İstiklal Savaşından önce, Batı önümüze Sevr Anlaşmasını koymuştu. Operasyon yapacaktı. Silahlı kuvvet olarak, İngiltere ve Yunanistan vardı.
Karşı cephede ise Türkiye ve Rusya vardı.
Emperyalizm yeniden Sevr’i önümüze koydu. Bu kez, Amerika, Yunanistan değil, ayrılıkçı Kürtleri karşımıza çıkardı. Yunanistan ve diğer Avrupa ülkeleri sütre gerisinde lojistik yapıyorlar.
Emperyalizm Anadolu’da üniter devlet istemiyor. Bölüneceksin diyor. Eğer bunu sen, kendi isteğinle yaparsan, ne ala… Yoksa ben ayrılıkçıları kullanarak böleceğim diyor.
Savaşın ön cephesi bu kez Doğu ve Güney gibi görünse de kuşatma çok yönlüdür.
Anadolu’yu korumak için yeniden silahın ortaya çıktığı bir süreçteyiz.
Silahın çözebileceği sorunlarla karşı karşıyayız.
Görüşme, konuşma, siyaset ve diplomasi süreci bitti.
Geçtiğimiz süreç tarafların bilip de bilmezlikten geldiği bir oyun süreciydi. Oyun bitti.

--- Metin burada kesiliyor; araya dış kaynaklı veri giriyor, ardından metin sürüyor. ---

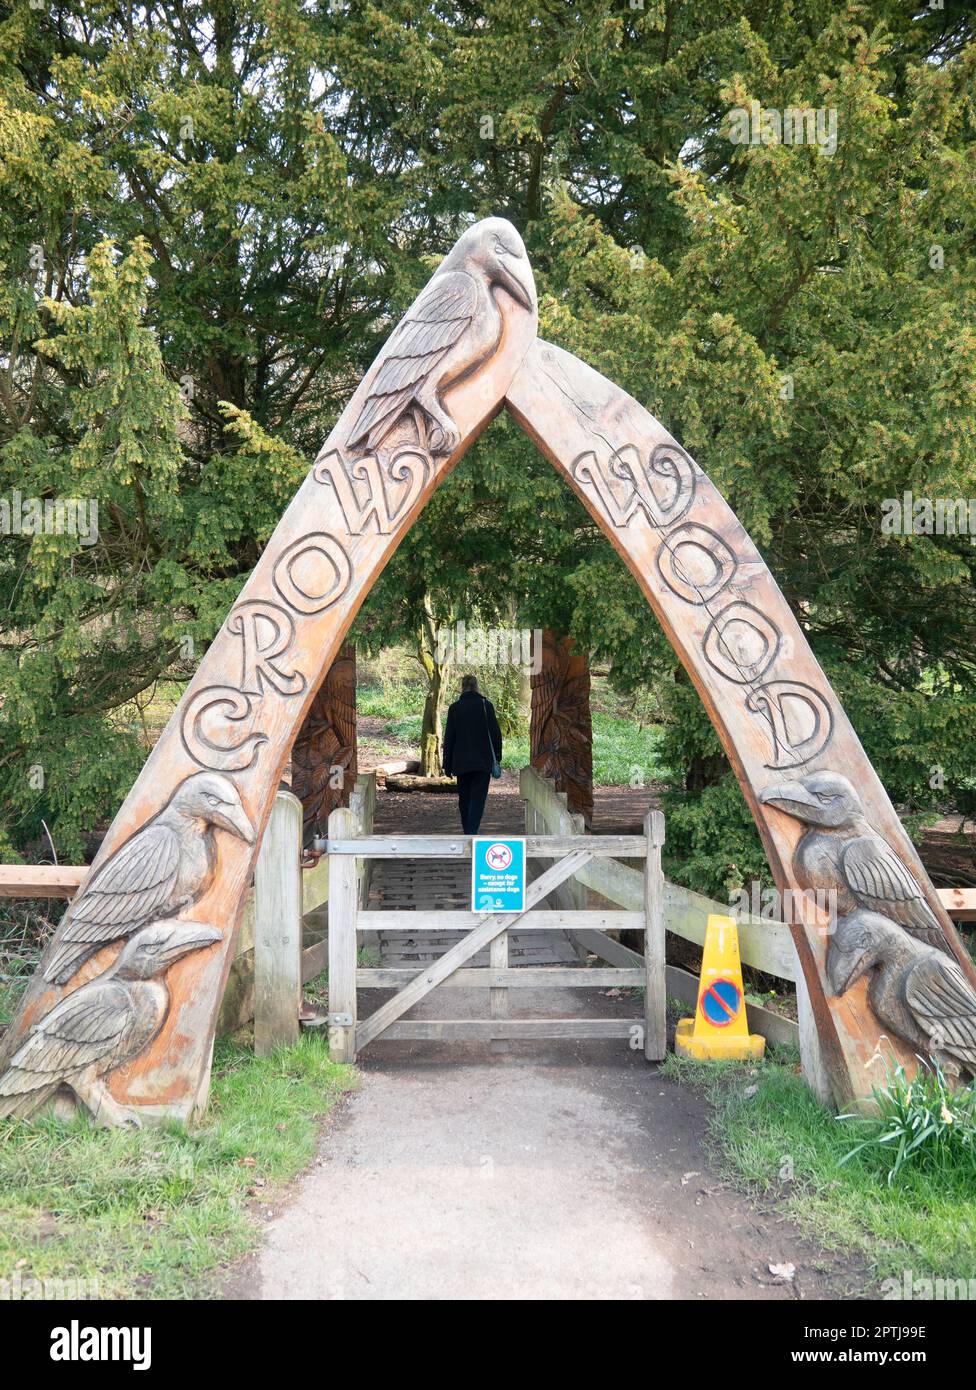 Arche en bois sculpté à l'entrée de Crow Wood une zone de forêt pour l'amusement et l'étude au Centre de North Yorkshire Moors Danby Banque D'Images

Silahların oyunu bozacağı bir süreç geldi.
Bu süreci iyi yönetemezsek, Sevr’i gerçekleştirirler. İyi yönetirsek, yenilenmiş bir Anadolu içinde yaşamımızı sürdürebiliriz.
Oyun sürecini iyi yönetemedik. Savaş sürecinin bedeli elbette ağır olacak.
Osmanlı yıkılırken de bir oyun süreci yaşanmıştı. O zaman barış diyenler mandayı savunuyorlardı. Şimdi barış ve demokrasi diyenler de bölünmeyi savunuyorlar. Birçok iyi niyetli de bunu gerçek sanıp destek veriyor.
Artık ABD ve Batı ile konuşup, görüşerek çözebileceğimiz bir durum kalmadı.
Şimdi savunmanın tüm gereklerini yerine getirme zamanıdır. Savunma iç cepheden başlar ve ayrılıkçı kuvvetlerin sahiplendiği tüm cephelerde devam eder.
Şimdi toprak bütünlüğümüzü savunma zamanıdır. Şimdi silahın zamanıdır.
Ordunun yapacağı işlere sıra gelmiştir.
Orduyu gerek sağdan gerekse soldan eleştirenler, aslında iç cephede savunma iradesini kırmaya çalışanlardır.
Anadolu’yu kimle savunacağız? Sivil toplum kuruluşlarıyla mı? Yoksa teşkilatlı ordu ile mi?
Gerek iktidar cephesi gerek muhalefet cephesi orduyu darbeler üzerinde yermeyi bir tarafa bırakmalıdır. Bu ordu hepimizin ordusudur.
Emperyalizmimi içerideki uzantıları bu yerme işleminde yer alabilir lakin bölünmeden kaybedenler herkestir.
Bu hamaset değil cephe gerisini birlik içinde tutma gayretleridir. Cephe gerisinin birliği kuvvettir.
Savaş gelmiş kapımızı çalmaktadır. Bir başka ifadeyle coni gelmiş kapımızı tekmelemektedir.
Artık birbirimizle savaşmanın hiç kimseye yararı yoktur.
Şimdi Rusya ile ne yapıyorsunuz derseniz. Hiç şüpheniz olmasın. Kurtuluş Savaşı sürecinde yaptıklarımızı yapıyoruz.
Daha çok kere Putin Türkiye’de olacak. Ortak cephe kurmak elbet derin işbirliğini gerektirir.
Bu cepheye ileri de Çin ve İran’ı da katarsak, silahları ateşlemeden de yolumuza devam edebiliriz.